Performance analyses over population seeding techniques of the permutation-coded genetic algorithm: An empirical study based on traveling salesman problems

Abstract

The genetic algorithm (GA) is a population based meta-heuristic global optimization technique for dealing with complex problems with very large search space. The population initialization is a crucial task in GA because it plays a vital role in the convergence speed, problem search space exploration and also the quality of the final optimal solution. Though the importance of deciding problem specific population initialization in GA is widely recognized, it is hardly addressed in the literature.

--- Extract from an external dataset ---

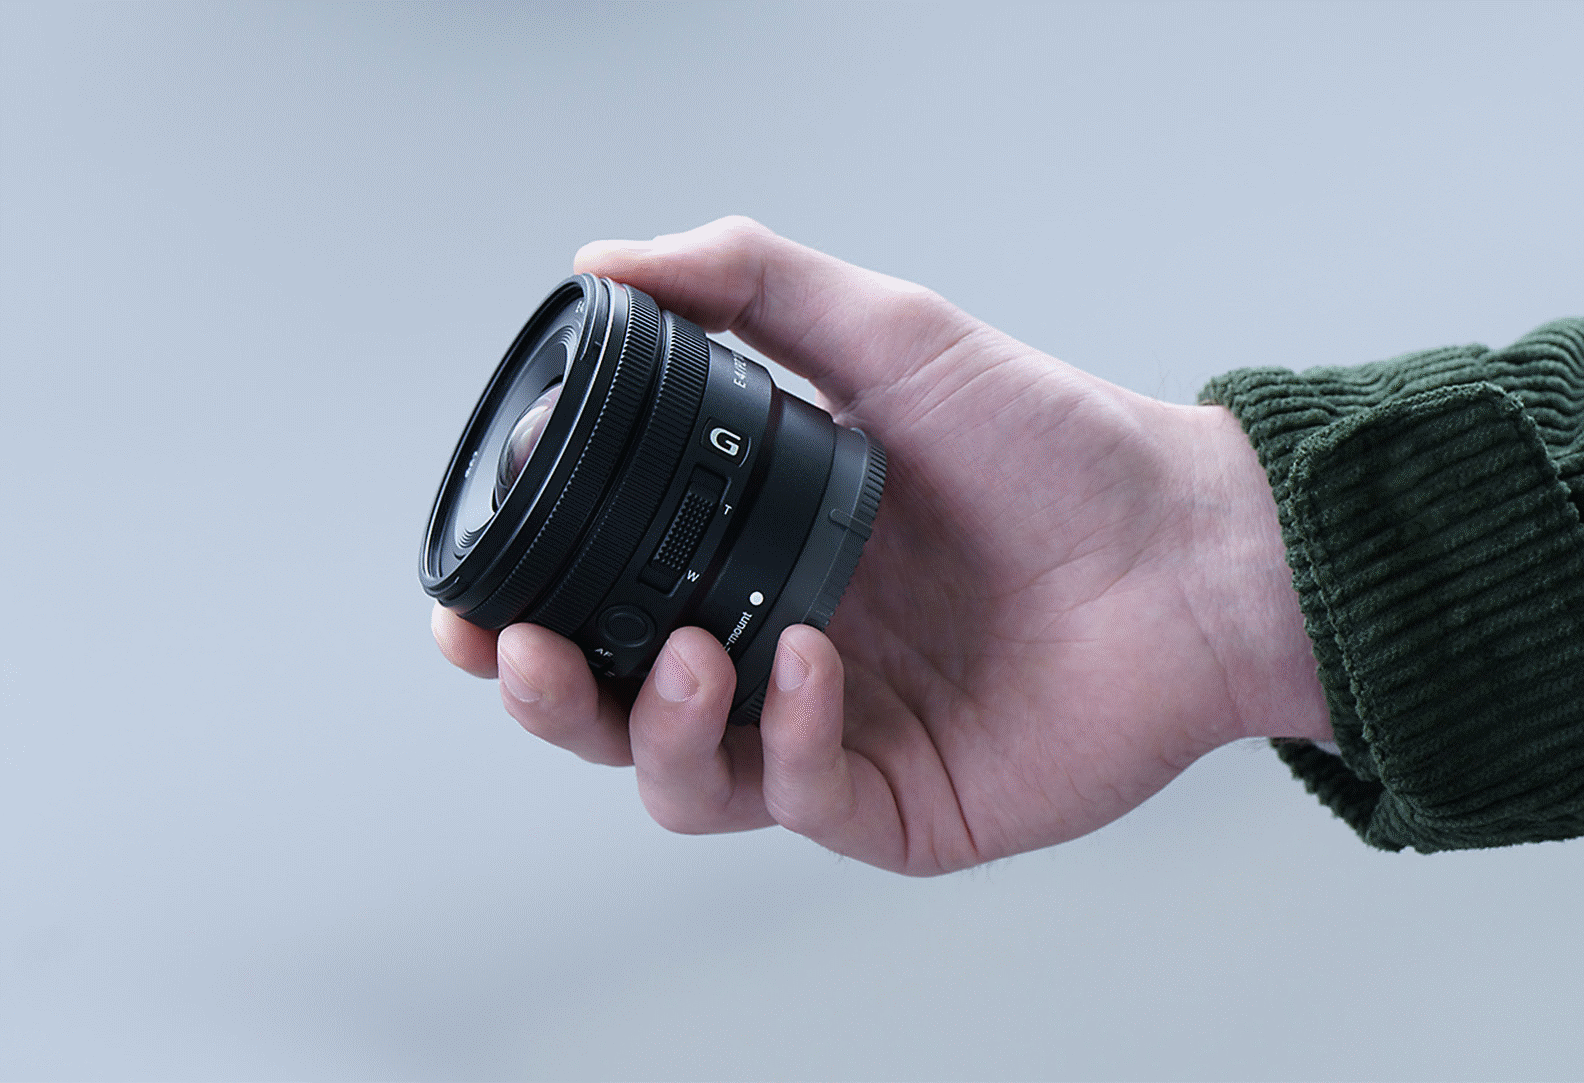 صورة ليد شخص تحمل عدسة E PZ مقاس 10-20 مم ببعد بؤري F4 من السلسلة G، تُظهر أن العدسة صغيرة بما يكفي لتتسع في يده

In this paper, different population seeding techniques for permutation-coded genetic algorithm such as random, nearest neighbor (NN), gene bank (GB), sorted population (SP), selective initialization (SI) along with three newly proposed ordered distance vector based initialization techniques have been extensively studied. The ability of each population seeding technique has been examined in terms of a set of performance criteria such as computation time, convergence rate, error rate, average convergence, convergence diversity, nearest–neighbor ratio, average distinct solutions and distribution of individuals. One of the famous combinatorial hard problems of traveling salesman problem (TSP) is being chosen as the testbed and the experiments are performed on large sized benchmark TSP instances obtained from standard TSPLIB. The experimentation analyses are carried out using statistical tools to claim the unique performance characteristic of each population seeding techniques and best performing techniques are identified based on the assessment criteria defined and the nature of the application.